The Nihon Review - Anime Reviews & Editorials

Fullmetal Alchemist: The Sacred Star of Milos

Title: Fullmetal Alchemist: The Sacred Star of Milos aka Hagane no Renkinjutsushi: Mirosu no Sei-naru Hoshi
Genre: Action/Drama
Company: BONES
Format: Movie; 110 minutes.
Dates: 2 Jul 2011

Synopsis: The nation of Milos has been annexed by Amestris and its people are forced into a desolate valley as a buffer zone between the two great countries Amestris and Creta. In order to win their independence, the citizens of Milos have fought long and hard in search of incredible alchemic powers told in their legends. Things seem hopeless until an Amestris state alchemist, Edward Elric and his brother Alphonse Elric arrives on the border in search of a fugitive alchemist.

The Highlights
Pacing: Quick, concise and compact.
Story: Well structured with some interesting twists throughout.
Cameos: Literally everyone from the old cast except Ed and Al didn’t need to be here.
Animation: While the animation flows well, the movie simply doesn’t look all that good.

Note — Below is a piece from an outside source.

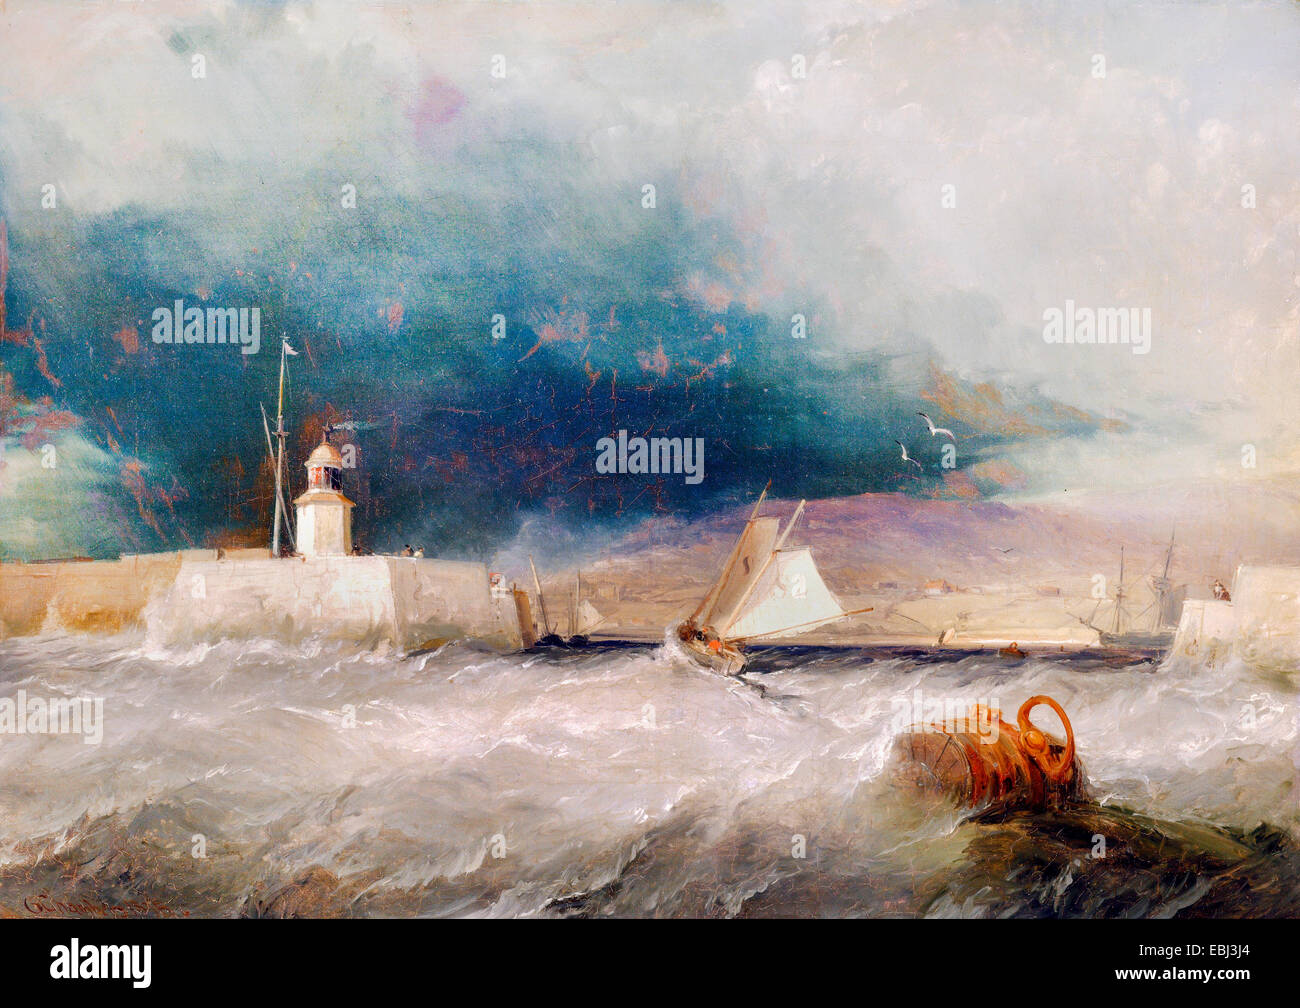 George Chambers, Anschluss an einem stürmischen Tag 1835-Öl auf Leinwand. Yale Center for British Art, New Haven, USA. Stockfoto

Congratulations Fullmetal Alchemist! You’ve just joined the ranks of Naruto, One Piece and Dragonball Z with your very own shounen action filler movie. Now if you make Bones a lot of money, we can all expect to see the Elric brothers explore the other reaches of their world searching for new forms of alchemy, helping the oppressed locals and making new friends year after year after year.

All backhand remarks aside, Fullmetal Alchemist: The Sacred Star of Milos is a competent though unimpressive summer action flick aimed at fans of the series. As this is a filler movie, the events that occur in the film have no real impact on the franchise characters, and the setting is generic enough that it could have taken place in either the anime original or the manga/Brotherhood universe. Normally the distinct character designs could be used as a tell as to which version of the show is being used, but The Sacred Star of Milos uses its own unique designs and approaches the visuals in a completely different way than either of the two television shows.

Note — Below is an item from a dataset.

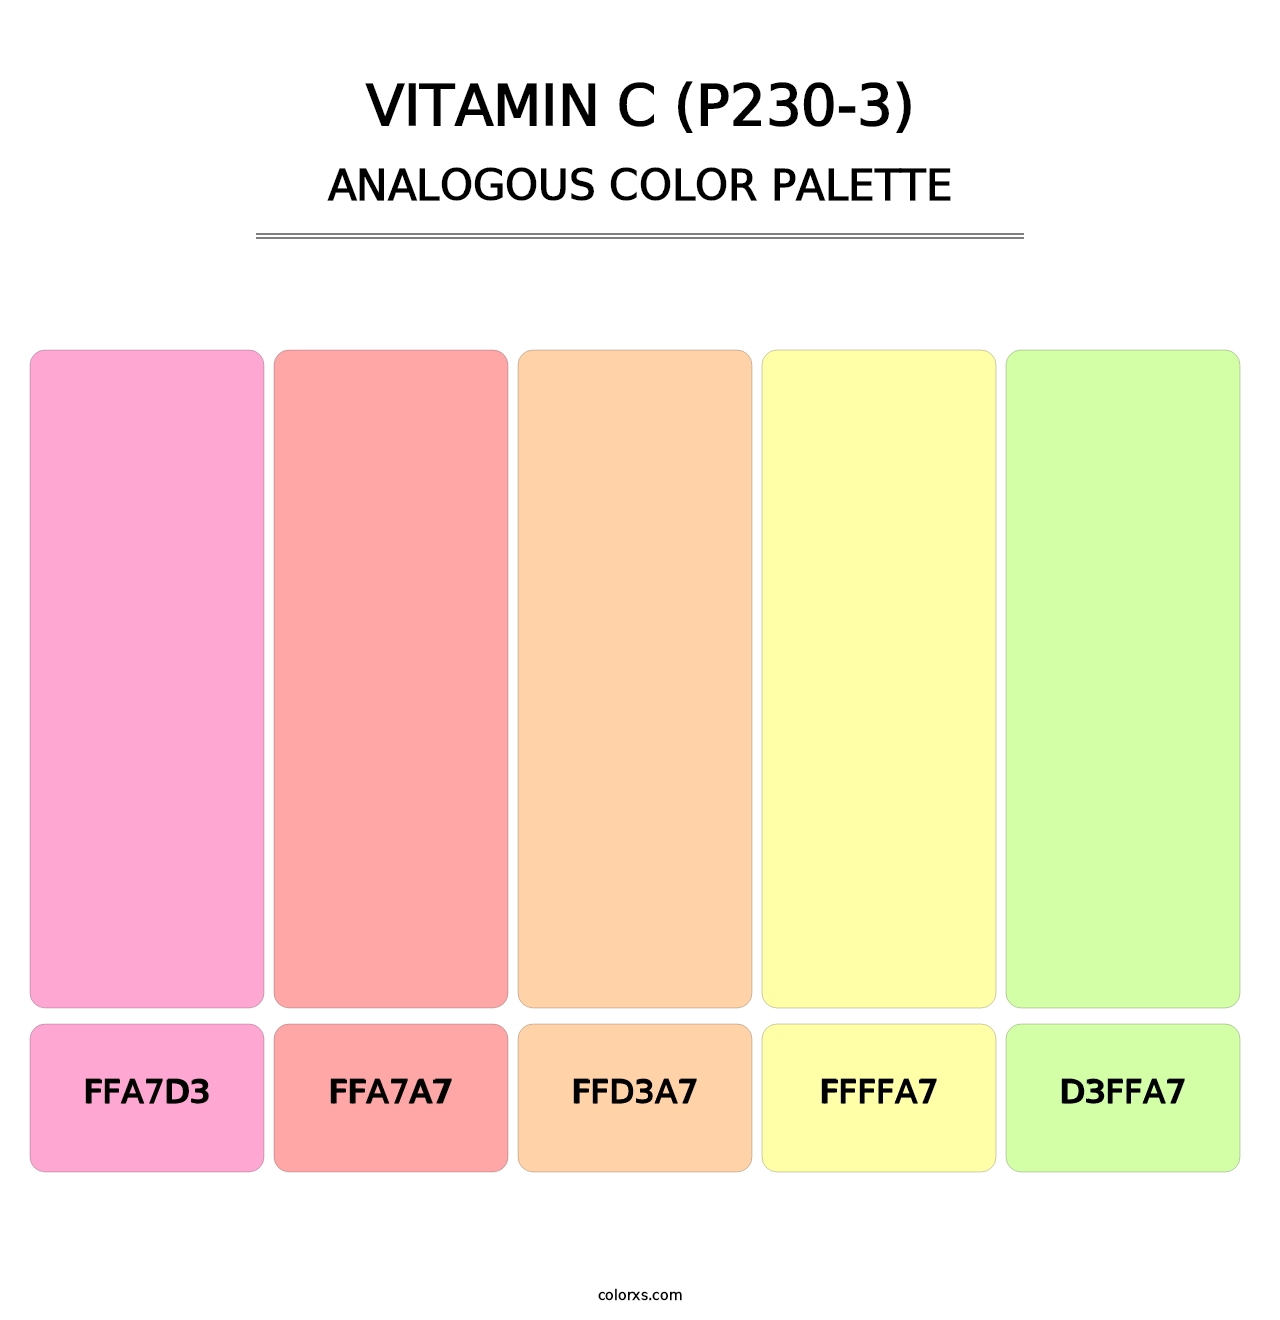 Vitamin C (P230-3) - Analogous Color Palette

The first thing that becomes apparent in the film is that the visuals simply aren’t movie quality. The animation flows nicely but characters are often off model and any humans in the midground or background are drawn with noticeably low amounts of detail. Considering that Bones produces some of the best looking television shows in existence, they either used a B-team I didn’t know about or they made a stylistic choice probably as a result of a limited, OVA level budget.

The story is a relentless roller-coaster full of twists and turns that never fails to grab the audience’s attention. The plot constantly ploughs forward, and with the exception of cameo appearances of some old faces, no scene is wasted. Since the story mirrors many of the events already in both of the television shows, there is nothing particularly compelling or interesting the narrative has to say but what it does say is worth reiteration.

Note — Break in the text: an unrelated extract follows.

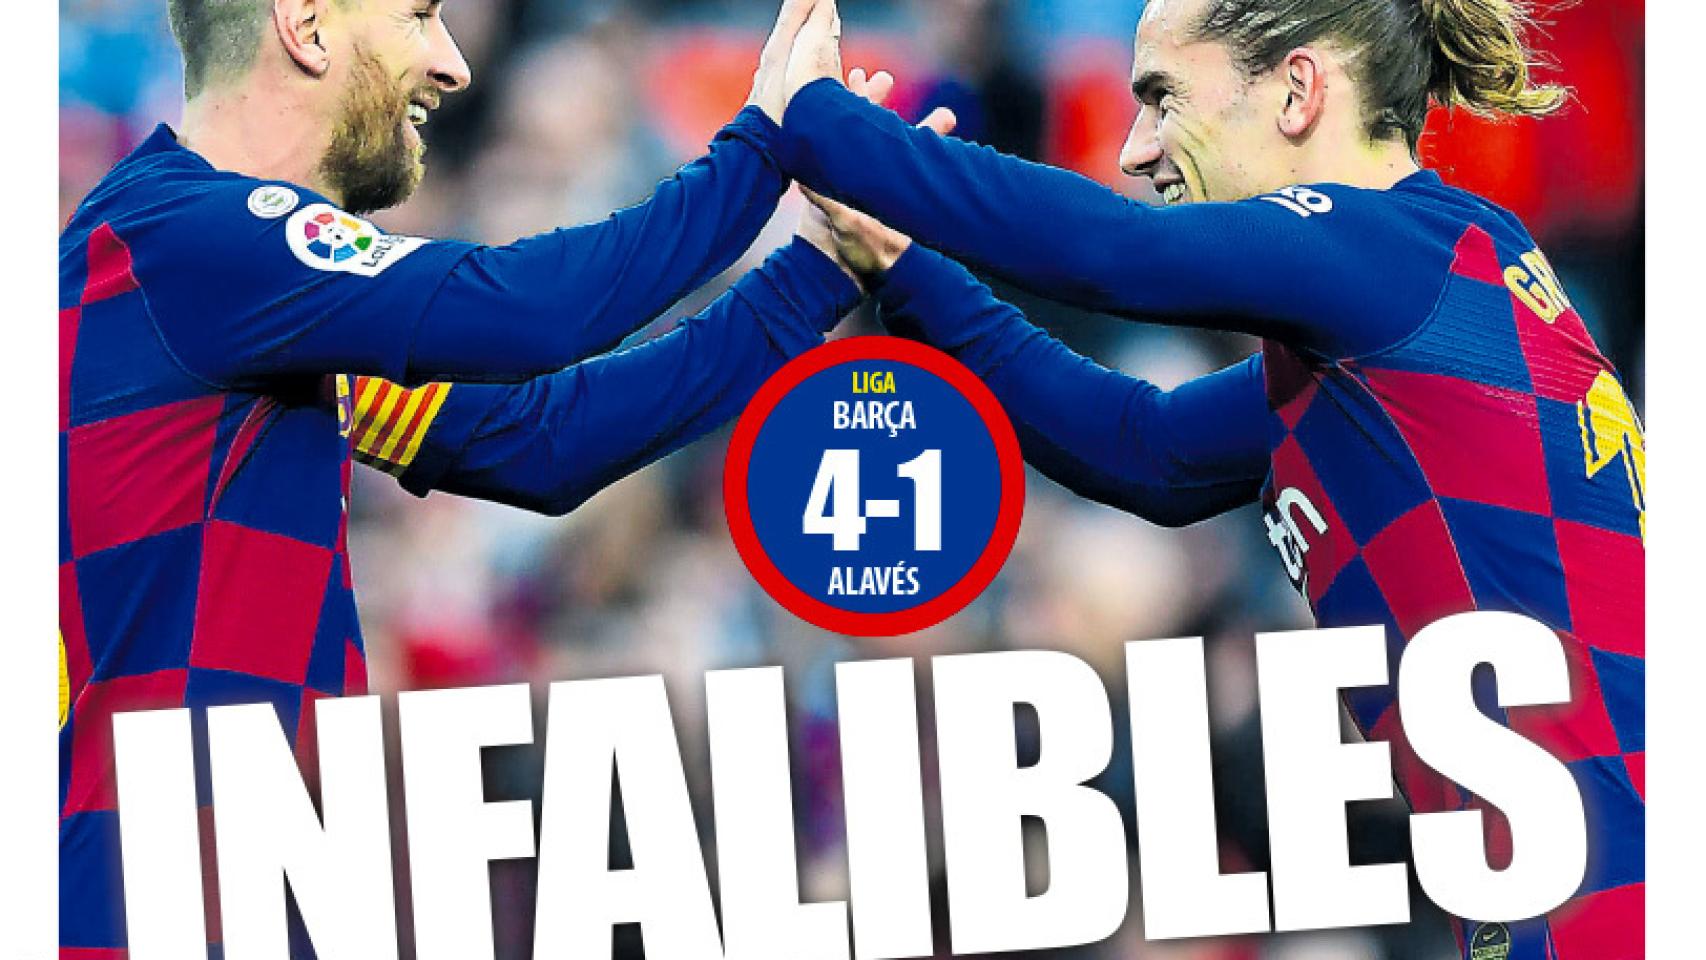 La portada del diario Mundo Deportivo (22/12/2019)

Much like the core theme of Naruto is tragic childhoods creating tragic characters in need of saving and Dragonball Z‘s core theme is (probably) killing people, Fullmetal Alchemist‘s core theme is finding the strength to stand on one’s own two legs in the face of a hostile and unfair world. In this case, the hostilities come from Amestris, the Nazi Germany of the Fullmetal Alchemist world. Their annexation of the nation of Milos and the systematic destruction of its people is starting to lead me to believe that the Ishvalan massacre is less of an aberration and more business as usual. It’s a rather bleak topic for a shounen action movie but its part of what gives the franchise its sharp edge.

If you’re a fan of Fullmetal Alchemist and want to spend two more hours with the Elric brothers, The Sacred Star of Milos is a run through of some of the franchise’s key themes and ideas presented like a summer action movie. It isn’t the most impressive movie adaptation around, but its relentless pacing will insure you won’t be bored for even a second.